I don't expect we'll ever see such a state – as Bastiat noted, the state, like any living organism, tends naturally to grow – but I thought it might nonetheless be interesting to work out how much it would cost.

Using ukpublicspending.co.uk, I worked out that the annual budget for 'defence' and 'protection', the categories which more or less correspond to those 'core duties' of government mentioned above, is about £70bn. Interestingly, that's about how much VAT set at the minimum rate of 15 percent should raise. Wouldn't it be nice if that was the only tax you paid?

OK, so maybe that's not realistic. But here's a still-radical proposal with a little more relevance to the real world: first, go ahead and restrict the Westminster Parliament to those core functions, and that limited tax base.

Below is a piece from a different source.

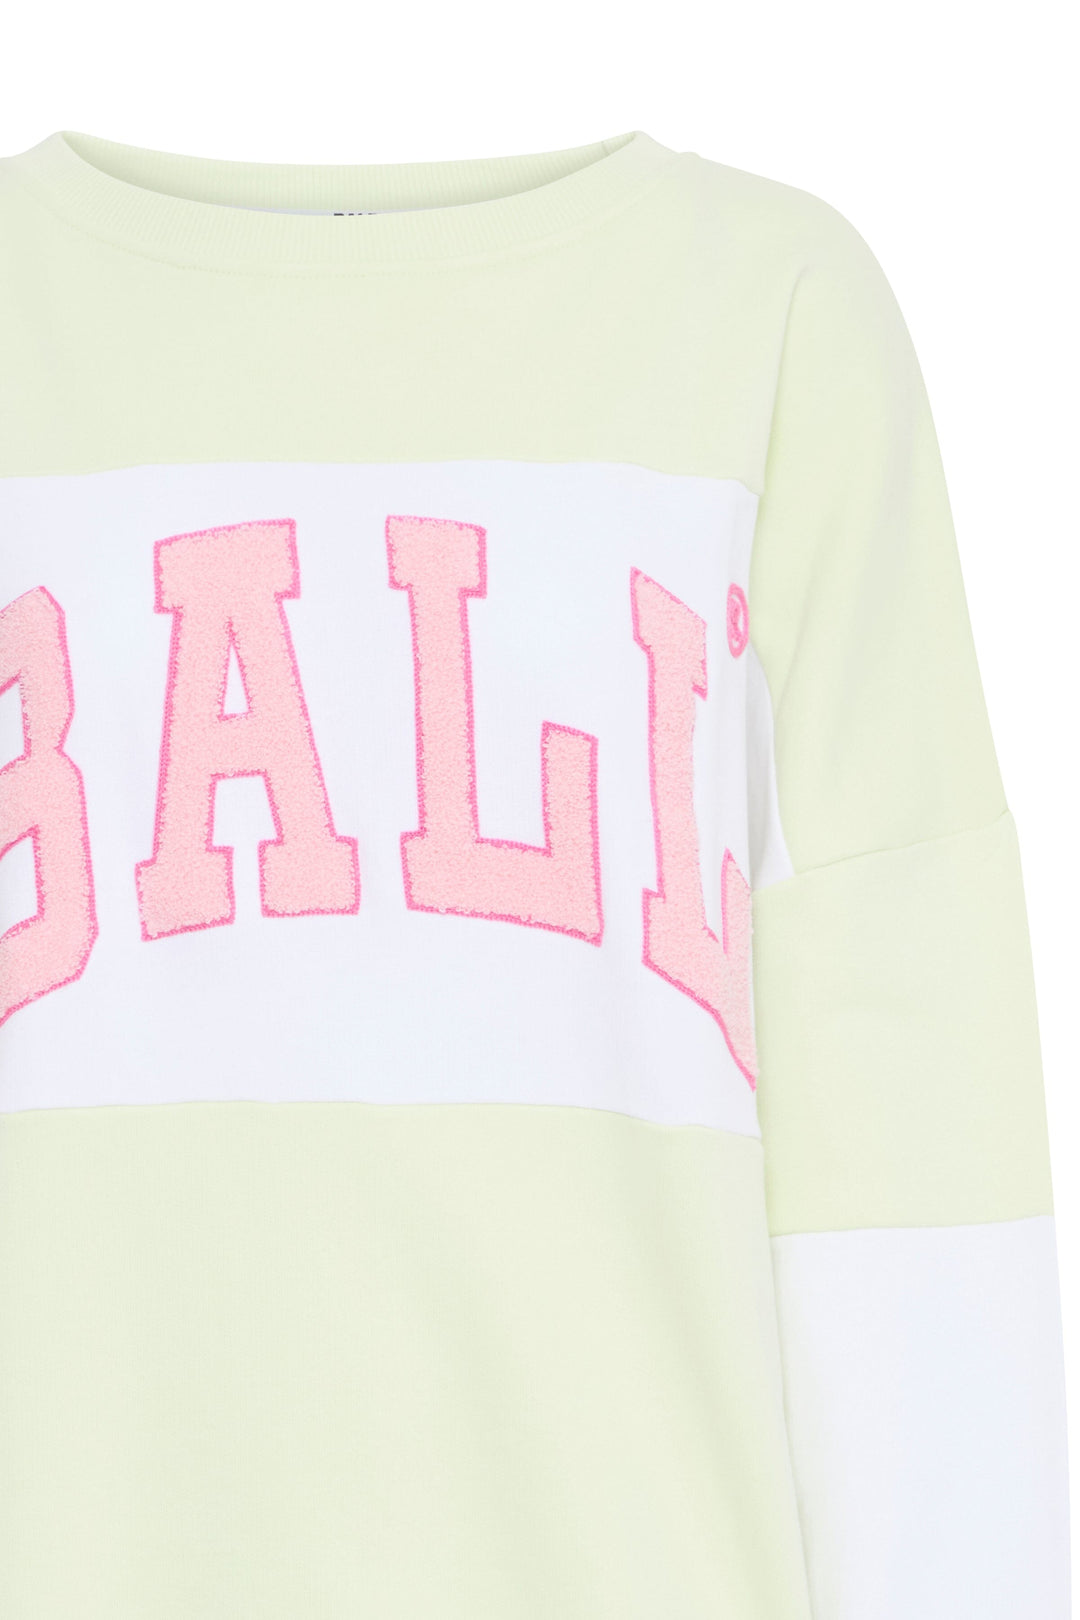 Ball - O. Zidney Sweatshirt - 120721 Lemonade Sweatshirts 
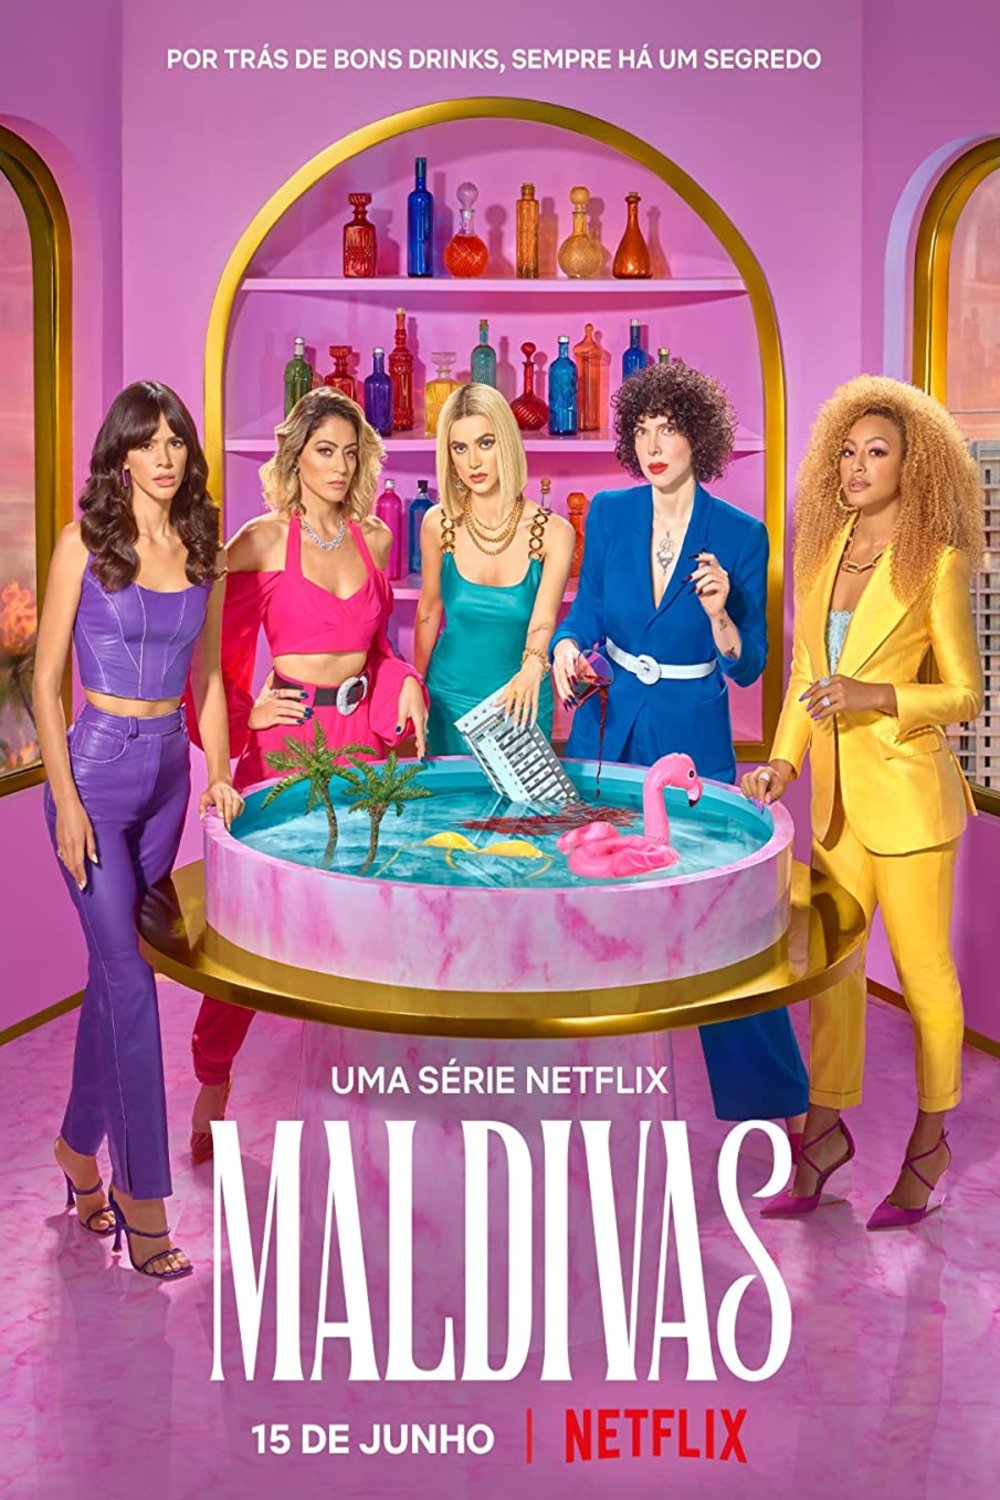 Portuguese poster of the movie Maldivas

Then replace the welfare state with the kind of compulsory savings system that they have in Singapore and Chile, and which the ASI advocated in our reports on the 'Fortune Account'. Essentially, national insurance contributions, rather than going to the government, would go into personal, privately-owned accounts, consisting of health savings, health insurance, unemployment insurance, and a retirement fund.

Then leave the provision of any other services to local government, each unit of which would be responsible for raising its own revenue. They would have to compete with one another to attract residents and businesses, so they would have an incentive to provide the best possible services for the lowest possible cost. It would be a bit like having a free market in governments.